Hash principle and implementation of global
1-hash hash Introduction
2-Universal hashing global hashing
3- construct a global hash H \ mathcal {H} H
4-python achieve
1-hash hash Introduction
hash function y = h (k) y = h (k) y = h (k), the input of arbitrary length kkk through a hash algorithm hhh yyy into fixed length output, the output hash value is 1. A common hash function is y = H (k) = (a⋅k + b) mod my = H (k) = (a \ cdot k + b) \ mod my = H (k) = (a⋅k + b) modm, mmm generally the prime number.
Domain hash function is provided of KKK, YYY range is, in general, |K|> |Y| | K |> | Y | |K|> |Y|, so prone to collisions hash function, as shown below, h (k5) = h (k2) = h (k7) h (k_5) = h (k_2) = h (k_7) h (k5) = h (k2) = h (k7), k5, k2, k7k_5, k_2 , k_7k5, k2, k7 on a chain (collision):
For the hash function, basically able to find a set of input, so that their hash values are the same, leading them on a chain, and sometimes even looks than linear complexity is even higher, because more than a hash lookup time than linear .
2-Universal hashing global hashing
Idea: One way to solve the problem is random. A random selection from a set of hash functions (a family of hash functions). So choose, there is no other way to construct a set of inputs for a particular hash function that the hash function is very low efficiency.
Defined 1: U \ mathcal {U} U is defined domains, H \ mathcal {H} H is the set of hash functions, can be U \ mathcal {U} U are mapped to {0,1, ..., m-1 } \ {0, 1, ..., m-1 \} {0,1, ..., m-1}, i.e. h: U → {0,1, ..., m-1}, h ∈Hh: \ mathcal {U} \ rightarrow \ {0, 1, ..., m-1 \}, h \ in \ mathcal {H} h: U → {0,1, ..., m-1 }, h∈H.
Definition 2: If ∀x, y \ forall x, y∀x, y satisfy x ≠ yx \ neq yx = y and | {h∈H: h (x) = h (y)} | = |H|m | \ {h \ in \ mathcal {H}: h (x) = h (y) \} | = \ frac {| \ mathcal {H} |} {m} | {h∈H: h (x) = h (y)} | = m|H|, called H \ mathcal {H} H is global (Universal) is.
2 By definition, if h is uniformly at random from H mathcal {H} H Select \ (Note that each input to re-select a hash function), then the probability of collision xxx and yyy are:
The number of function h (x) = h (y) is a function of all = |H|m|H| = 1m. \ {Number of function h (x) = h (y) is a function of all} frac {}
= \ Frac {\ frac {| \ mathcal {H} |} {m}} {| \ mathcal {H} |}. = \ Frac {1} {m} all the functions h (x) = h (y) number function = |H|m|H| = m1.
Theorem 1: uniformly at random from H \ mathcal {H} H (H \ mathcal {H} H is the whole domain) selected HHH, if we now put nnn input into the hash table in the TTT, then give a enter xxx, there
E [x and the number of T elements in the hash table collisions]

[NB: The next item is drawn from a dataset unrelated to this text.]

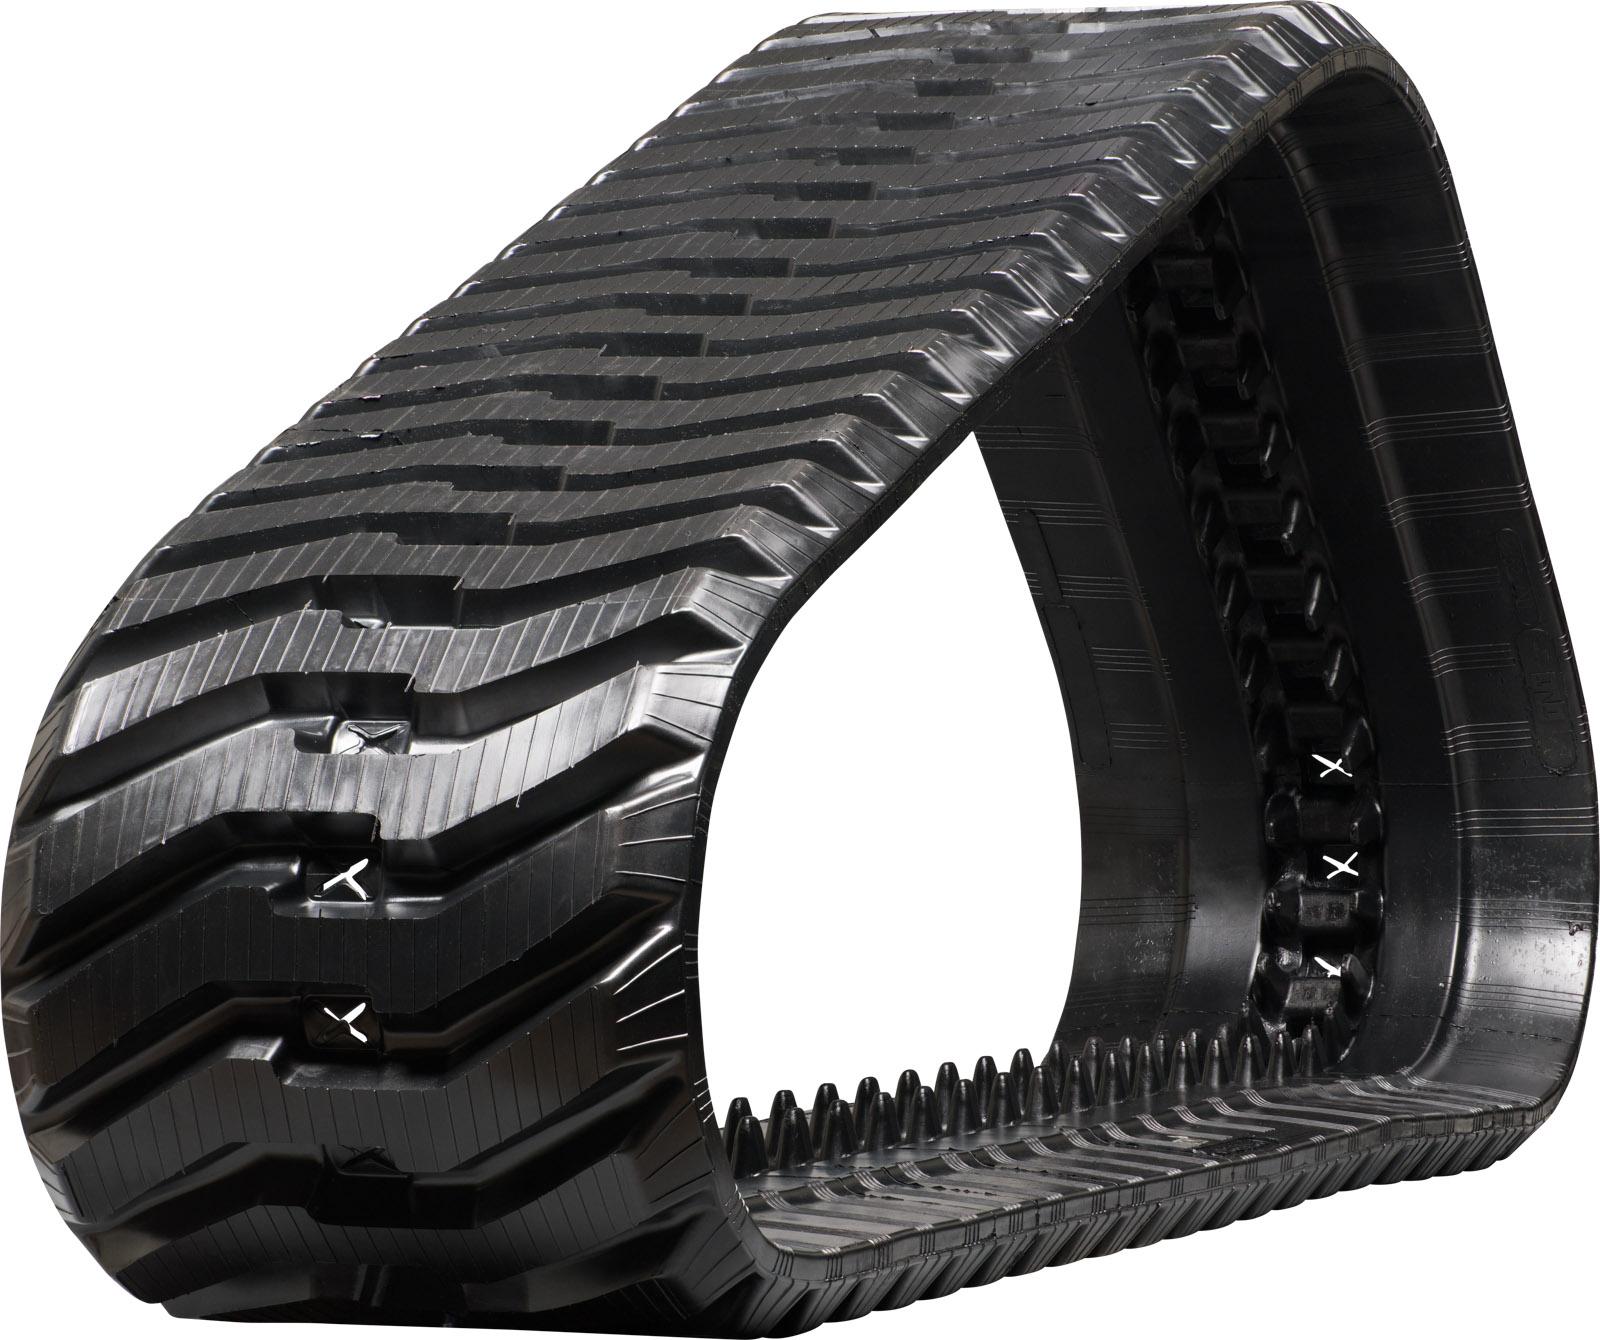 set of 2 18" extreme duty bd pattern rubber track (450x86lx55)

Wherein E [⋅] E [\ cdot] E [⋅] denotes expectation.
[Importance of Theorem 1] by proving the above theorem, we can say that, if there H \ mathcal {H} H is, the final distribution of elements in the whole field in the hash table TTT (in an average sense) is uniform.
The proof of Theorem 1 Let CxC_ {x} Cx represents the number of random elements in the hash table and xxx TTT collision, provided
Cxy={1if h(x)=h(y)0if h(x)≠h(y)C_{xy}=\left\{\begin{array}{cr}
1 & if\ h(x)=h(y) \\
0 & if\ h(x)\neq h(y)
\end{array}\right.Cxy={10if h(x)=h(y)if h(x)=h(y)
Well,
E [Cx] = E [Σy∈T-xCxy] = Σy∈T-xE [Cxy] Since the desired properties of linearity = Σy∈T-x1m = (n-1) 1m
E[C_x]&=E[\sum_{y\in T-x}C_{xy}] \\
& = \ Sum_ {y \ in Tx} E [C_ {xy}] & because the desired linear properties \\
&=\sum_{y\in T-x}\frac{1}{m} \\
&=(n-1)\frac{1}{m} \\
&<\frac{n}{m}.
\end{array}E[Cx]=E[∑y∈T−xCxy]=∑y∈T−xE[Cxy]=∑y∈T−xm1=(n−1)m1
Example: If n = 1, m = 2n = 1, m = 2n = 1, m = 2, then E [Cx] <12.E [C_x] <\ frac {1} {2} .E [Cx] < twenty one.
3- construct a global hash H \ mathcal {H} H
Theorem 2: according to the following four-step configuration H \ mathcal {H} H is all fields:
(Condition) Order mmm equal to a prime number;
(Initial preparation) input kkk written r + 1r + 1r + 1 digits: k = k = k =, where ki∈ {0,1, ..., m-1} k_i \ in \ {0, 1, ..., m-1 \} ki∈ {0,1, ..., m-1} (equivalent to the hexadecimal notation by kkk mmm);
(Random) randomly selecting a a = a = a =, wherein ai∈0,1, ..., m-1a_i \ in {0, 1, ..., m-1} ai∈0,1, .. ., m-1;
(hash函数)ha(k)=(∑i=0i=rai×ki)mod mh_a(k)=(\sum_{i=0}^{i=r}a_i\times k_i) \mod mha(k)=(∑i=0i=rai×ki)modm.
See 2 proof.
4-python achieve
To write their own code, correct me if wrong look. Code link: https: //github.com/VFVrPQ/LDP/blob/master/Components/UniversalHashing.py, otherwise complete code is as follows:
import math
import random
class UniversalHashing:
'''
g: a prime
d: domain, [0, 1, ..., d-1]
len: The maximum number of digits in g Base
v: an input value in [0, 1, ..., d-1]
hash function: H_A (a) = (a (0) * k (0) + a (1) * k (1) + ... + a (as-1) * k (only-1))% g
'''
def __init__(self, g, d):
self.__g = g
assert g>=2, 'g is less than 2'
assert self.__isPrime(g), 'g is not a prime'
self.__d = d
The self .__ len = math.ceil (math.log (d) / math.log (g)) # g-band, the maximum number of bits
self.__a = self.__len*[0] # initial length
# v is an input value in [0, 1, ..., d-1]
def hash(self, v):
self.__randomness() # regenerate a, select H
out = self.calc(self.__a, v)
return self.__a, out
Calc H_A # (k) = (a (0) * k (0) + a (1) * k (1) + ... + a (as-1) * k (only-1))% g
def calc(self, a, v):
assert only (a) == self .__ only, "only the (A)! = self .__ only '
k = self .__ toBitList (v)
out = 0 How much money Zhengzhou abortions http://mobile.sgyy029.com/
for i in range(self.__len):
out = (out + a[i]*k[i]) % self.__g
return out
def __randomness(self):
# generate a
for i in range(self.__len):
self .__ a [i] = random.randint (0, self .__ g-1)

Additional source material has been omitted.